Although genetic associations point towards immune dysregulation as part of the pathogenesis of Primary Sclerosing Cholangitis (PSC), the role of specific immune cell populations within the liver of patients with PSC remains elusive. Here, we report on a comprehensive phenotypic and functional investigation of the liver infiltrating T cells of patients with PSC.

Methods:

Liver infiltrating and circulatory T cells were isolated from patients with PSC (n = 16). As controls we used T cells isolated from liver tissue and blood from patients undergoing transplantation for alcoholic liver disease (ALD, n = 16) and from blood of healthy donors (n = 10). Liver infiltrating T cells were sorted and processed for single cell RNA sequencing (scRNA-Seq) and cellular indexing of transcriptome and epitopes by sequencing (CITE-Seq). T cells were stained for measurements of surface markers by flow cytometry. Finally, naïve T cells were analyzed for proliferation capacity, cytokine production and differentiation capacity in vitro.

Results:

By combining scRNA-Seq, CITE-Seq and multi-parameter flow cytometry, we observed a unique immunophenotype of liver infiltrating and peripheral T cells in PSC, when compared to ALD and healthy controls.

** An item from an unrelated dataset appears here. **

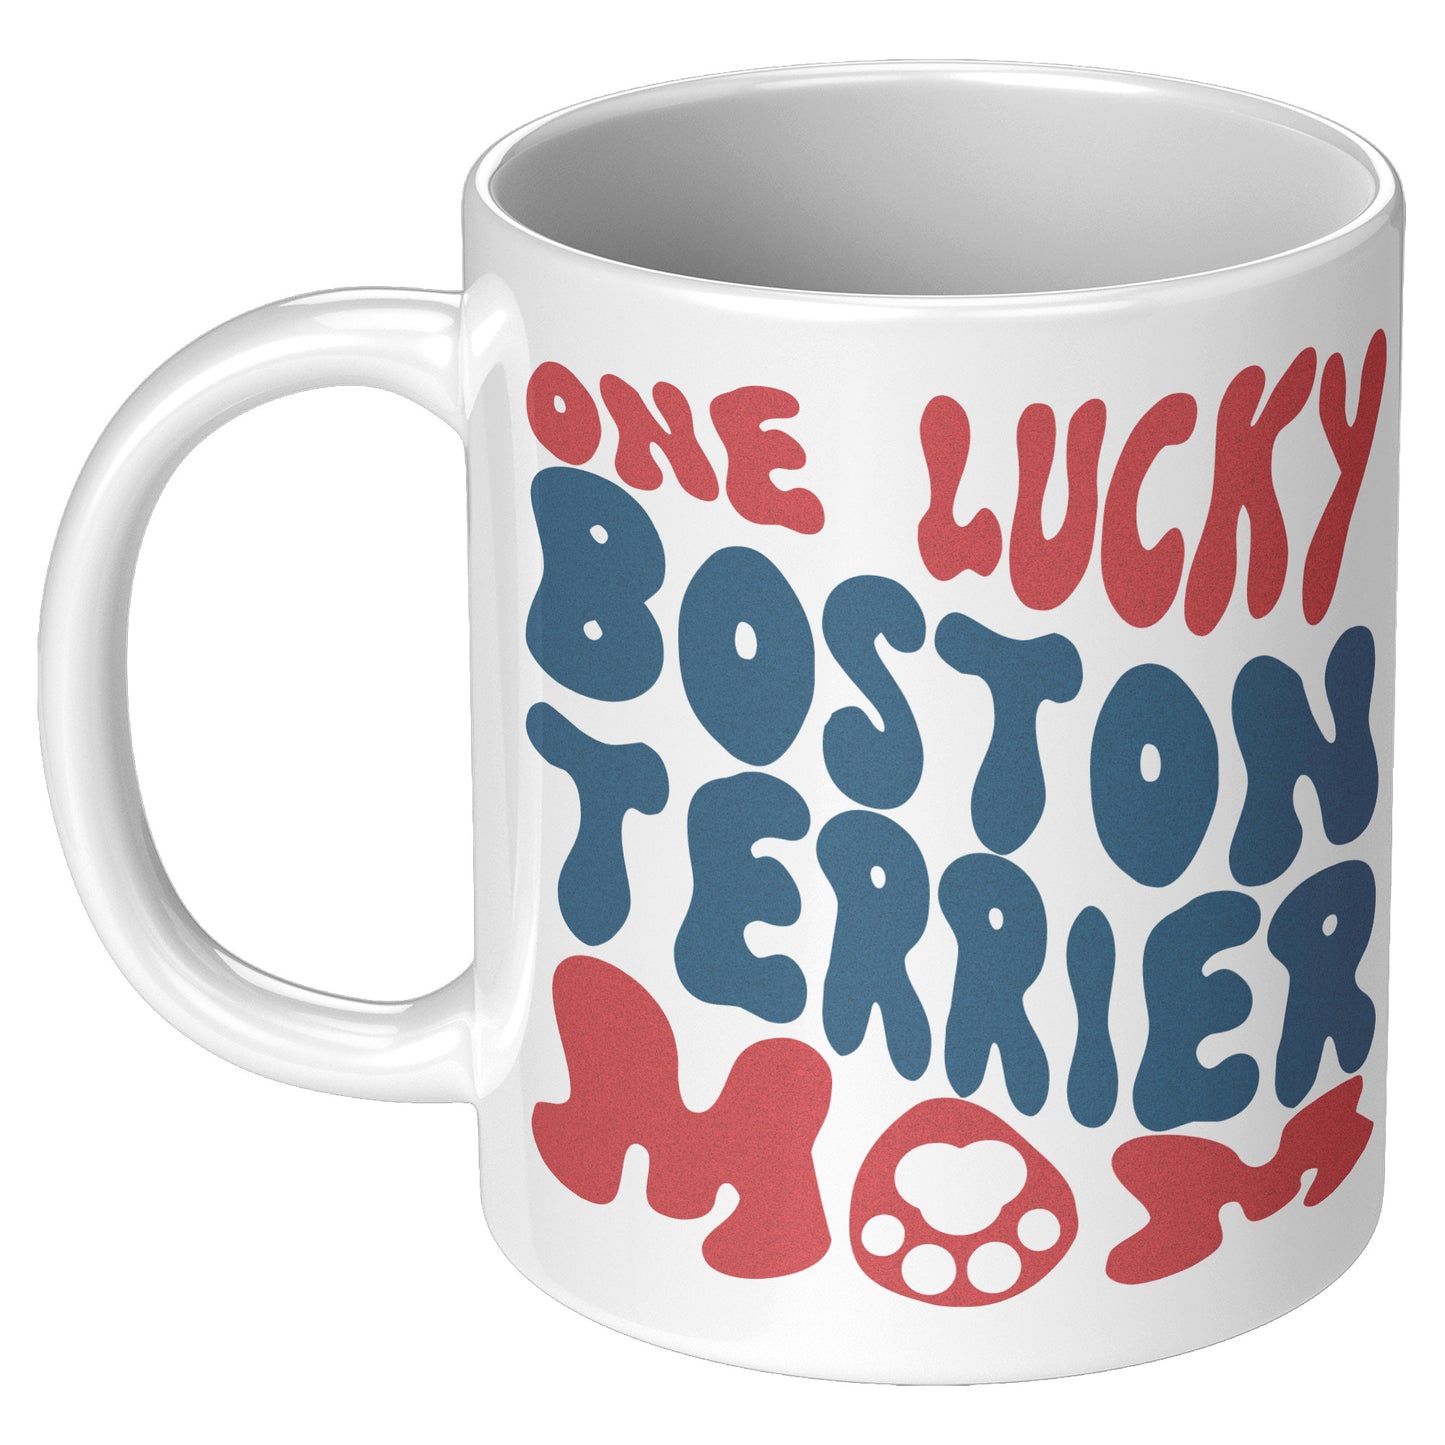 Clyde -Mug for Boston Terrier lovers

A subset of liver infiltrating naïve-like CD4+ T cells was identified in PSC patients with end-stage liver disease. Using flow cytometry, we confirmed the presence of phenotypically naïve CD4+ T cells in PSC livers and found they were increased in frequency compared with ALD. Transcriptome analysis using scRNA-Seq revealed high expression of markers such as STAT3 suggesting a possible predisposition to acquire a Th17 phenotype. In vitro, PSC derived naive CD4+ T cells showed higher rates of proliferation and production of cytokines associated with Th17 cells compared to healthy controls.

Conclusion:

We here provide the first comprehensive atlas of intrahepatic T cells in PSC. Naïve-like CD4+ T cells ready to differentiate into Th17 cells were identified within the liver and their abundance was increased in liver and blood of PSC compared to ALD. We propose these cells as potential contributors to disease pathogenesis.